# Parametrising LogNormal distribution knowing only sample mean, and 90th percentile

#### thatdannyt

##### New Member
I'm a little stuck, and hope someone will be able to explain this to me.

I have sample mean, and value of the 90th percentile of the sample. If distribution is assumed to be LogNormal, is there a way of estimating parameters of mu and sigma of that LogNormal distribution?

I'm trying to de-construct work that was previously done by someone else, and their solution is this:

(1) Prob=NORMDIST((LN(percentile)-mu)/sigma,0,1,1)
(2) sigma=SQRT(2*(LN(mean)-mu))
(3) mu=[found iteratively using solver]

Solver changes value of (3) mu, trying to equate (1) to 90% (after all, the 90th percentile).

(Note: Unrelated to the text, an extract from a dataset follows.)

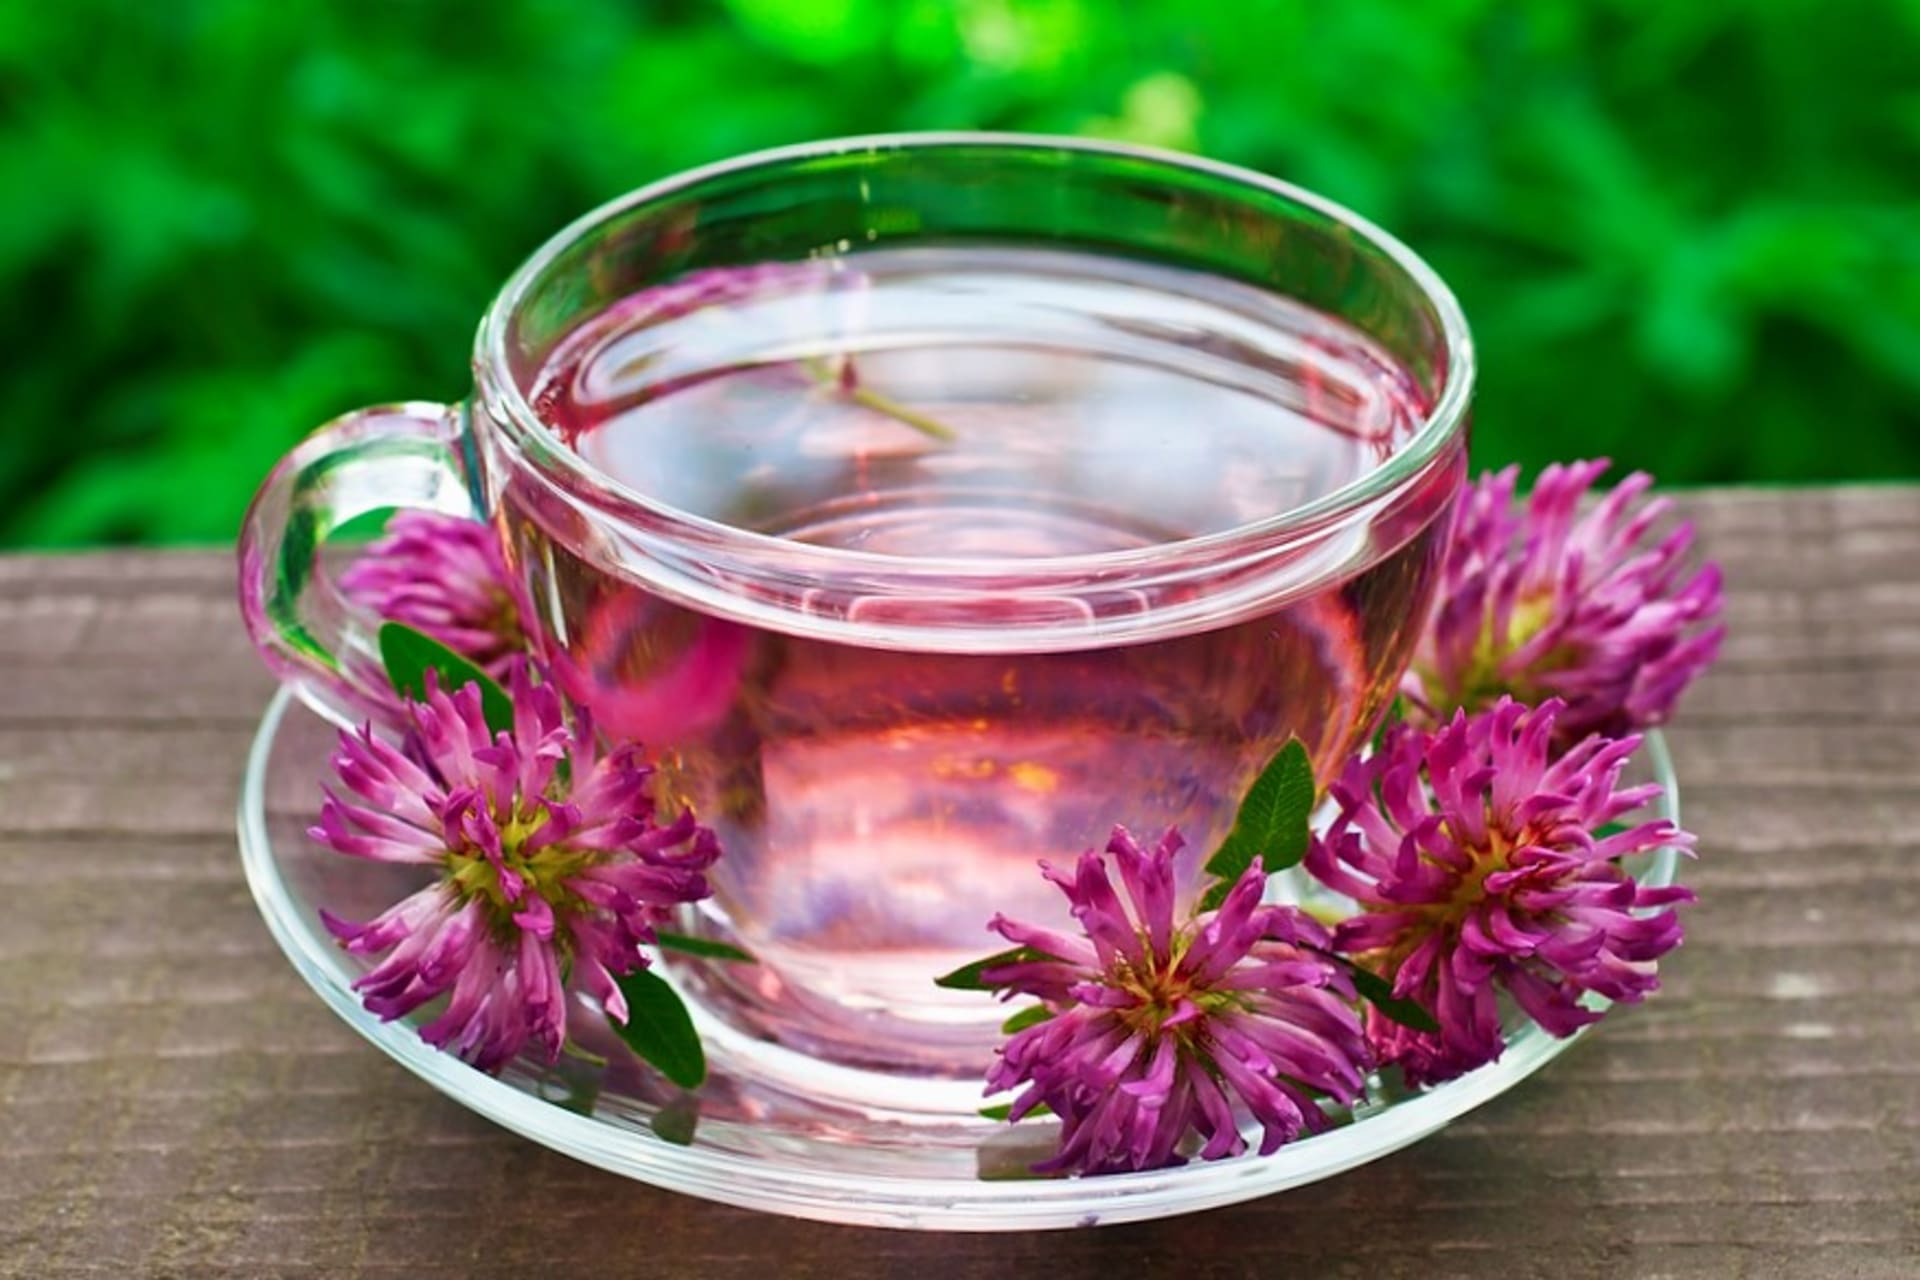 Čaj z květů jetele je léčivý, ale i lahodný. Můžeme ho užívat dlouhodobě. Tento čaj popíjíme třikrát denně .

And this does seem to work (as in, if you plug the sigma and mu parameters, statistics look reasonable), however I'm unsure how formula for (2) sigma came to be.

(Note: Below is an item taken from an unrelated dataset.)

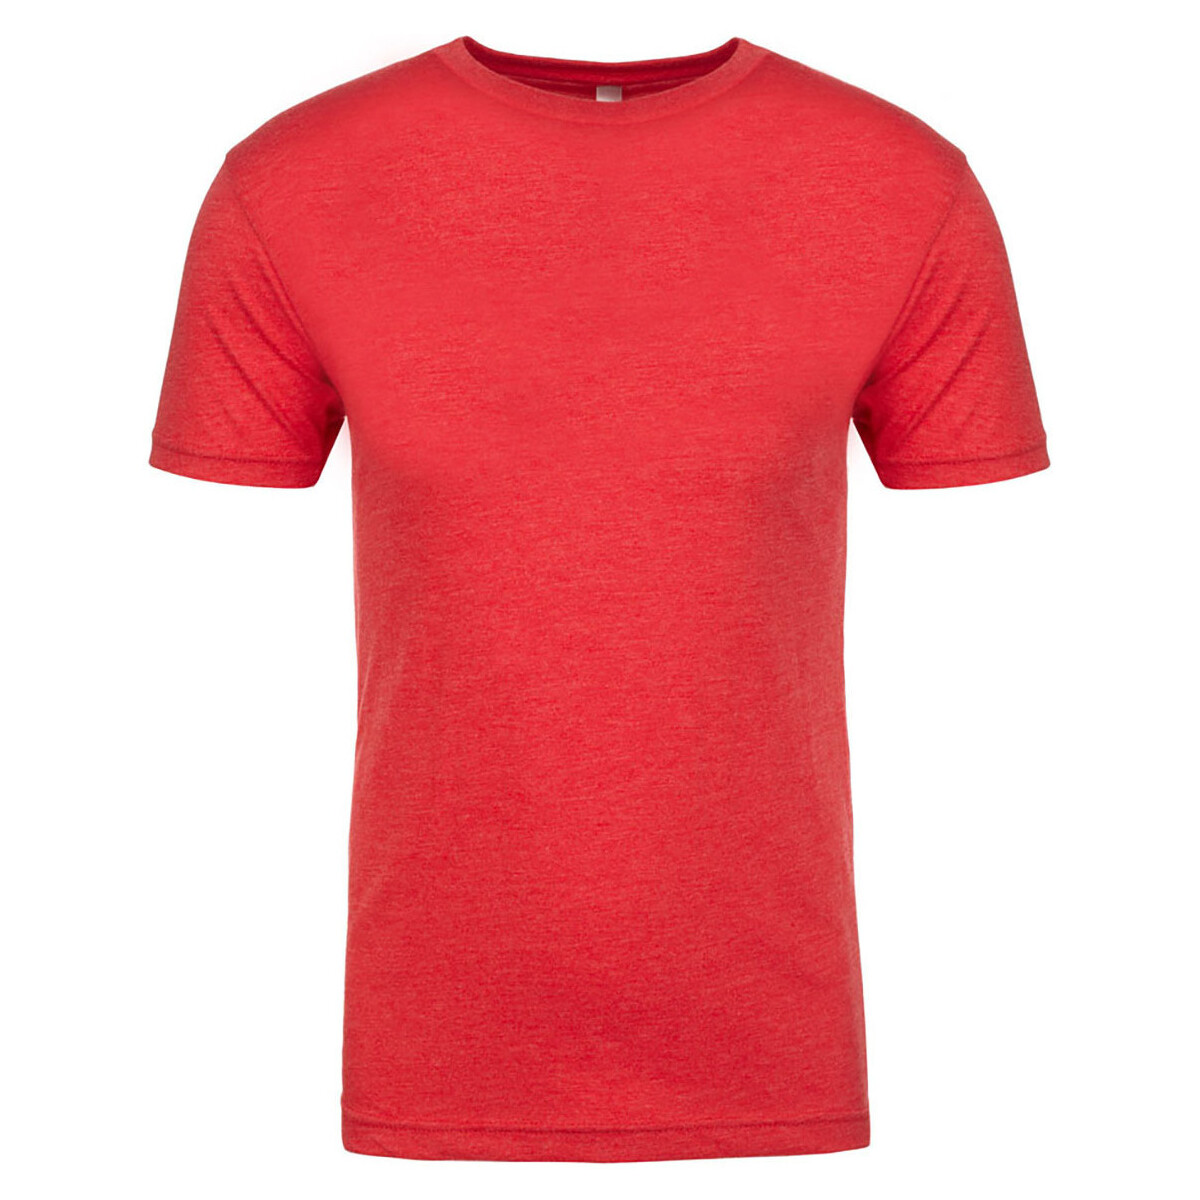 Vêtements Homme T-shirts manches longues Next Level Tri-Blend Rouge

For example, if we assume that sample mean =30, and 90th percentile is 93, the parameters are
(2) sigma=1.30,
(3) mu=2.85,

while (1) Probability=90.3%

What am I missing?

Cheers
Dan

#### BGM

##### TS Contributor
Re: Parametrising LogNormal distribution knowing only sample mean, and 90th percentil

I think you are just equating the sample quantile to the population quantile, and equating the sample mean to the population mean, similar to method of moment.

Let $$z_{\alpha}$$ be the number satisfying $$\Pr\{Z > z_{\alpha}\} = \alpha$$ where $$Z \sim \mathcal{N}(0, 1)$$

Then you equate $$X_{((1-\alpha) n)} = e^{\mu + \sigma z_{\alpha}}$$

and $$\bar{X} = e^{\mu + \frac {\sigma^2} {2}}$$